Content starts
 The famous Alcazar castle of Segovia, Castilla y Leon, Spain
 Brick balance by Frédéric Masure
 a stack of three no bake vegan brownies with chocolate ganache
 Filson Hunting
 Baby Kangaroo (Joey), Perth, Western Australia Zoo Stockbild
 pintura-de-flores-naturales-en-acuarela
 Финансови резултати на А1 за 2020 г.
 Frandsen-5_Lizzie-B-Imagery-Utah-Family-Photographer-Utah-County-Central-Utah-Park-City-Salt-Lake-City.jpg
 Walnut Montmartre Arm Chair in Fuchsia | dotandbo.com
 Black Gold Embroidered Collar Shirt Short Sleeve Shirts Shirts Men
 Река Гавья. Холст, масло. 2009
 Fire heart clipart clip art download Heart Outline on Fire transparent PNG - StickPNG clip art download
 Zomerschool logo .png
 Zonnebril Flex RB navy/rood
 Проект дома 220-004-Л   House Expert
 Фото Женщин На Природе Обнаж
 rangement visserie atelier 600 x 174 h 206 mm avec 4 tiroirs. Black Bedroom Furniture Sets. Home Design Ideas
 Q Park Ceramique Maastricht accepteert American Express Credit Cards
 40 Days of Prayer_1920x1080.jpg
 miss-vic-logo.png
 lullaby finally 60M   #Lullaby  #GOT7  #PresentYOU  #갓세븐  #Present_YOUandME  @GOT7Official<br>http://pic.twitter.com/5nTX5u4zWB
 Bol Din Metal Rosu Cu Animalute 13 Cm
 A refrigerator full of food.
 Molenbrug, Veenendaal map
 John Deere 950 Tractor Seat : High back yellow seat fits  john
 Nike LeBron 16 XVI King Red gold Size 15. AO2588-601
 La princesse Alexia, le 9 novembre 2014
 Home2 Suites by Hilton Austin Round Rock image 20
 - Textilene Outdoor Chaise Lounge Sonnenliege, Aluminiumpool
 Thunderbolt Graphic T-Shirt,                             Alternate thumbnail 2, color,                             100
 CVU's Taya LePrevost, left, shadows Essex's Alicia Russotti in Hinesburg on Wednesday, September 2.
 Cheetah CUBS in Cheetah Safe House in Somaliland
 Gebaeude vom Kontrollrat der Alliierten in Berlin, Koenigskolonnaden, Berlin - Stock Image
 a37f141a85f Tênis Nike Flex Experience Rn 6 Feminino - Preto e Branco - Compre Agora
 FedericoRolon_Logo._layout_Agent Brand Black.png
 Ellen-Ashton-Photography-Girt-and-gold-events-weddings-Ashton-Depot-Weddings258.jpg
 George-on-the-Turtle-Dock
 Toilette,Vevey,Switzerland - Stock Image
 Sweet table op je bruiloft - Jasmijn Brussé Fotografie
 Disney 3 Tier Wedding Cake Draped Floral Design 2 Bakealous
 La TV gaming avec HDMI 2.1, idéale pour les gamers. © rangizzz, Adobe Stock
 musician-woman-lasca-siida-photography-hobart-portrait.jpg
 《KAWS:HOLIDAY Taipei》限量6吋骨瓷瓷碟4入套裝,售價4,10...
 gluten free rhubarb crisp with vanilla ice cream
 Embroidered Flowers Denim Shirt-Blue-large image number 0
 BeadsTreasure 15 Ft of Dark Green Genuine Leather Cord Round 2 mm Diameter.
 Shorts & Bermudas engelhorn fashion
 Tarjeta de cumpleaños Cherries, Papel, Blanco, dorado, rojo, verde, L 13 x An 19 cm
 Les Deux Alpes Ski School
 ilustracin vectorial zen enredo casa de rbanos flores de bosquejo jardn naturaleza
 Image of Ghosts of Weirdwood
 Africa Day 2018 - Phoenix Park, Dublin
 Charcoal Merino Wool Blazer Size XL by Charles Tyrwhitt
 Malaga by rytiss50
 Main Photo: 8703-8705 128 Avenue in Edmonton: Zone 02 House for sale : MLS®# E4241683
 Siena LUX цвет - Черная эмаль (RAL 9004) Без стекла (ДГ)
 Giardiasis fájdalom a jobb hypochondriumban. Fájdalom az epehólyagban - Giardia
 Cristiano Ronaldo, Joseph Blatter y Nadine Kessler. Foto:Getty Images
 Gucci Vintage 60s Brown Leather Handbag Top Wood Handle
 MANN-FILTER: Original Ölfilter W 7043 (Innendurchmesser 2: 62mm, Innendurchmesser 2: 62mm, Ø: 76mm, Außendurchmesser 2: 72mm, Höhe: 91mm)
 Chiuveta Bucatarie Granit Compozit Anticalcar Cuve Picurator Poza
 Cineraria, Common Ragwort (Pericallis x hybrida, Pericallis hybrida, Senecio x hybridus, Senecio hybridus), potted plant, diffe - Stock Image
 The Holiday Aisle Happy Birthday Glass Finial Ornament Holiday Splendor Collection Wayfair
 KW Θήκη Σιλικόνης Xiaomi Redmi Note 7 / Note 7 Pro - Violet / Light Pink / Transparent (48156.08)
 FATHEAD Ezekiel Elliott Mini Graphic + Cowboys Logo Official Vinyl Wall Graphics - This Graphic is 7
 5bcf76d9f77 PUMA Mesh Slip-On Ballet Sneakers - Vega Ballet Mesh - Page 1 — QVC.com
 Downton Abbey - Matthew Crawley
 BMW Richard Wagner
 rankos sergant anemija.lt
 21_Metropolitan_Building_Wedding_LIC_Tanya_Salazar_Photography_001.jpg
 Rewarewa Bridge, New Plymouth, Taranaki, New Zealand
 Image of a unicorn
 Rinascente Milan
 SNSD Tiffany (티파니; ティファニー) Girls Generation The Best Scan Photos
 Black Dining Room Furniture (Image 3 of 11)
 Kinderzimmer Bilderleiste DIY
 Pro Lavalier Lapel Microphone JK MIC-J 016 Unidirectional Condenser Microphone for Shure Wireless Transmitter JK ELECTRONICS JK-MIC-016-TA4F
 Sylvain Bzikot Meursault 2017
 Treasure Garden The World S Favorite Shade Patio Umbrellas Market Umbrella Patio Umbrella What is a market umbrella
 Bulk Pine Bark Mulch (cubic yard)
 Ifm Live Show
Content ends
[AIM OF THE EXERCISE] Retype the lines from the one containing "SNSD Tiffany (티파니;" through the last line of the records. Leave out everything else.

[RESULT FOR THIS EXERCISE]
 SNSD Tiffany (티파니; ティファニー) Girls Generation The Best Scan Photos
 Black Dining Room Furniture (Image 3 of 11)
 Kinderzimmer Bilderleiste DIY
 Pro Lavalier Lapel Microphone JK MIC-J 016 Unidirectional Condenser Microphone for Shure Wireless Transmitter JK ELECTRONICS JK-MIC-016-TA4F
 Sylvain Bzikot Meursault 2017
 Treasure Garden The World S Favorite Shade Patio Umbrellas Market Umbrella Patio Umbrella What is a market umbrella
 Bulk Pine Bark Mulch (cubic yard)
 Ifm Live Show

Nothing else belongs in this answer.